Une tendance qui plaît sur les tables abidjanaises. Bruno Oustric est chef du restaurant de l'hôtel Tiama, au quartier du Plateau. 

« J'ai connu son poivre il y a à peu près trois ans, c'est. Un super produit, oui ! Un très, très bon produit qu’on ne trouve pas ailleurs. C'est un produit bio, il a une diversité sur le poivre noir, le blanc, le rouge et le poivre frais avec des saveurs incroyables. Je suis tombé amoureux de son poivre. C'est un petit peu le but du jeu quoi. C'est d’utiliser les produits locaux au maximum. Après c'est en pleine expansion. On utilisait beaucoup de produits importés auparavant. Et on essaie de minimiser tout ça parce que à l'importation, c’est quand même très, très cher ». 

Innover, structurer, rechercher et labelliser Jean-Eudes Kakou avec son poivre de Tiassalé entend bien parvenir à l'excellence, un peu à l'image du poivre camerounais de Penja qui a obtenu une IGP, une Indication Géographique Protégée. 

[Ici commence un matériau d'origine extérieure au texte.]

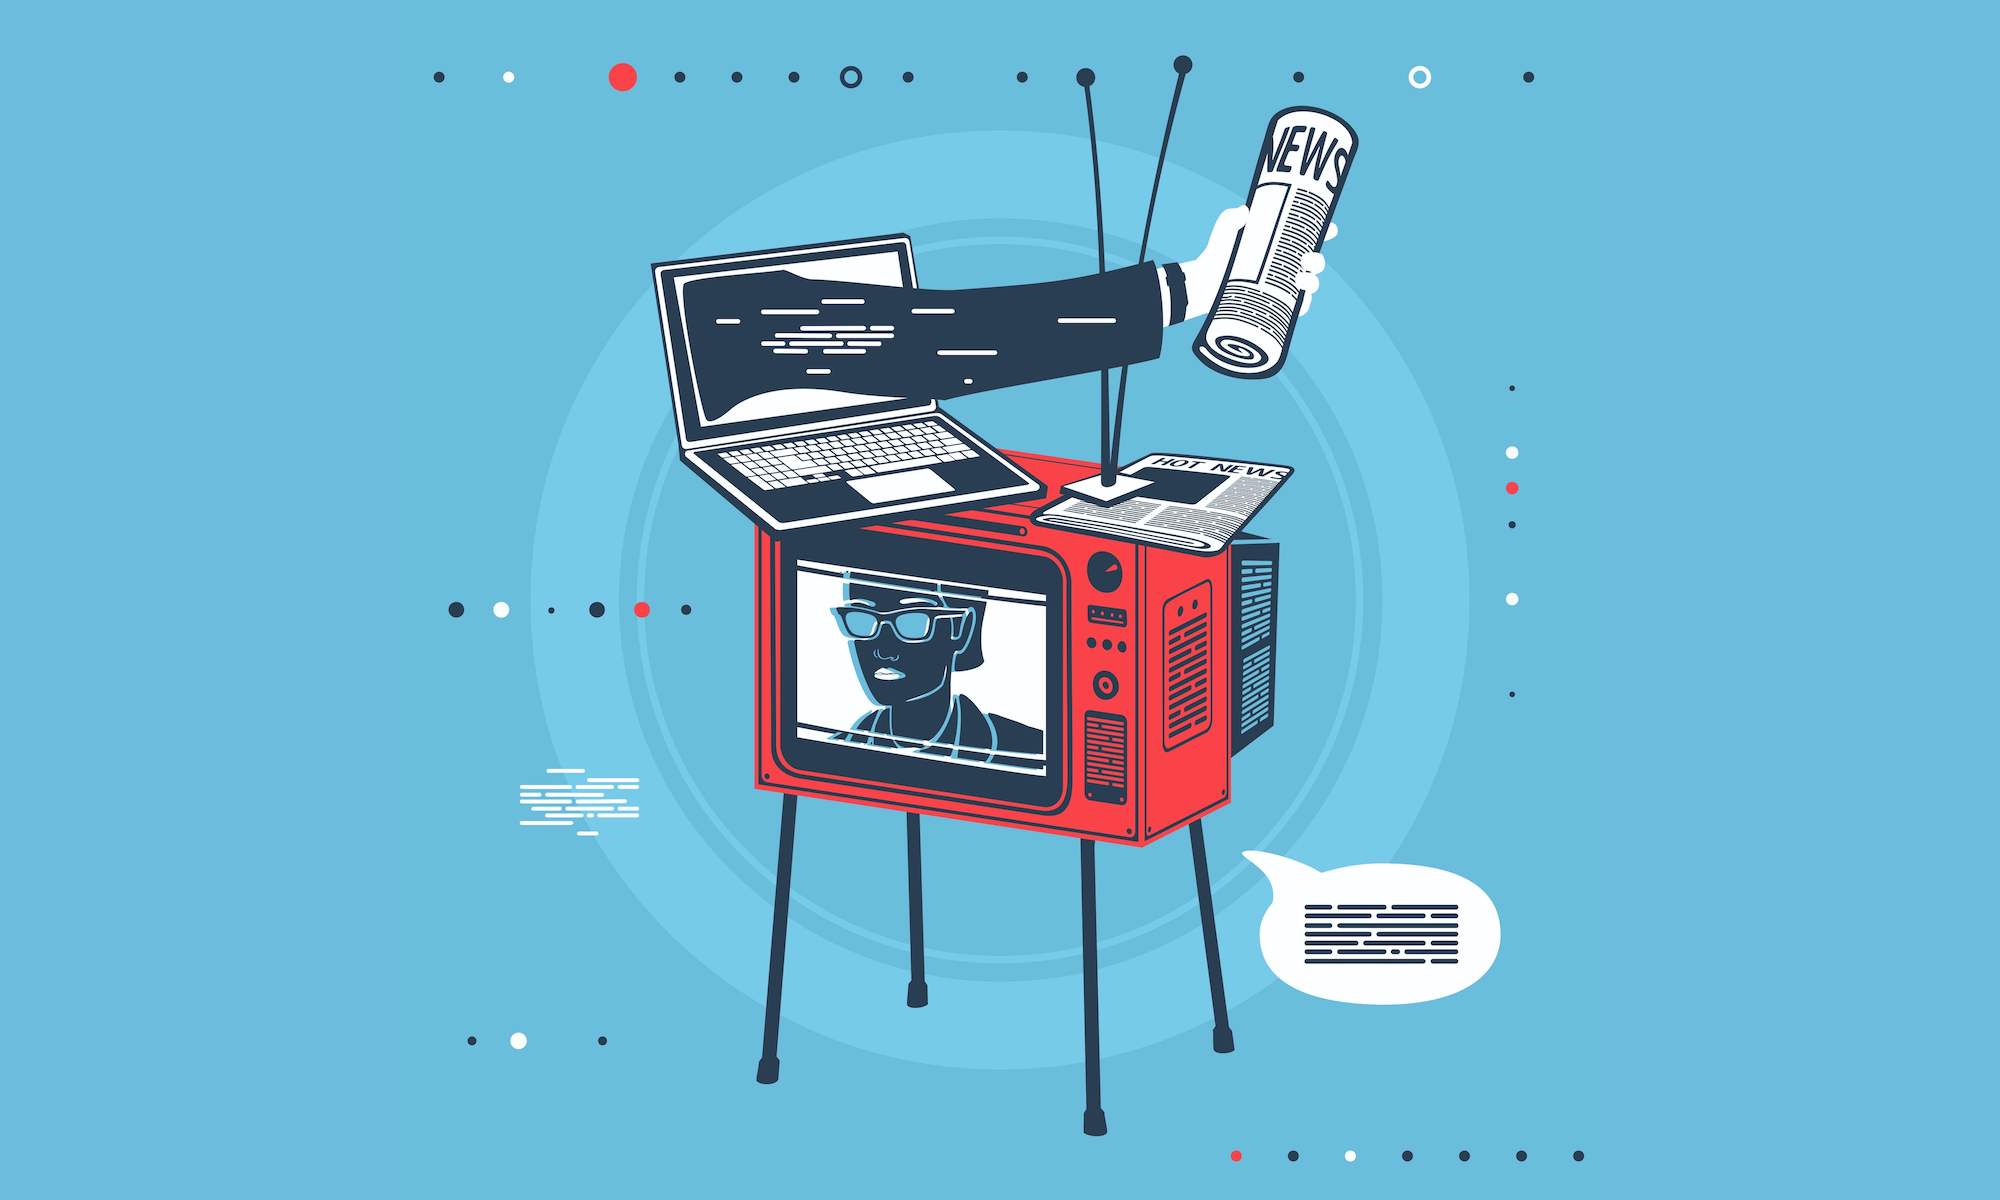 An illustration of an old television with a person in sunglasses on it. On top sits a laptop computer with an arm reaching out past the screen, holding a rolled up newspaper. Another newspaper lays flat on top of the screen.

Tiassalé, zone de production pour le poivre 

« Le Cameroun est l'exemple. Pour nous l’IGP, c’est l’aboutissement, on veut vraiment arriver à ça. Je pense qu'on est plutôt bien parti. C'est qu'on est, quand même, les premiers en Côte d'Ivoire à avoir tenté cette expérience de culture du poivre. Chaque année, nous augmentons nos volumes, mais ce que nous faisons beaucoup plus, c'est de motiver d'autres producteurs à planter du poivre. Une hirondelle ne peut pas faire le printemps, mais on ne peut pas tout mettre autour de nous. On veut vraiment que Tiassalé soit une zone de production pour le poivre ».

Obtenir cette IGP marquerait l'excellence du produit, mais aussi la garantie de revenus. Delphine Marie-Vivien est chercheur, spécialisée en propriété intellectuelle au Cirad

« Le grand bénéfice de cette démarche, c'est vraiment sa dimension collective. Quand vous êtes sur un nom géographique, vous êtes forcément sur un produit qui est réputé du fait d'un ensemble de producteurs depuis plusieurs. Et avec l'idée derrière effectivement d'avoir la reconnaissance de la qualité spécifique grâce à l'usage exclusif du nom et de ce fait-là, du coup, de revenus améliorés. En tout cas, c'est ce qu'on a vu pour le poivre de Penja, c'est ce que l'on voit pour beaucoup d'appellations d'origine, indications géographiques ». 

Il y a dix ans, en décrochant le label IGP, le poivre du Penja au Cameroun a vu sa valeur tripler sur le marché et la surface de culture quintupler.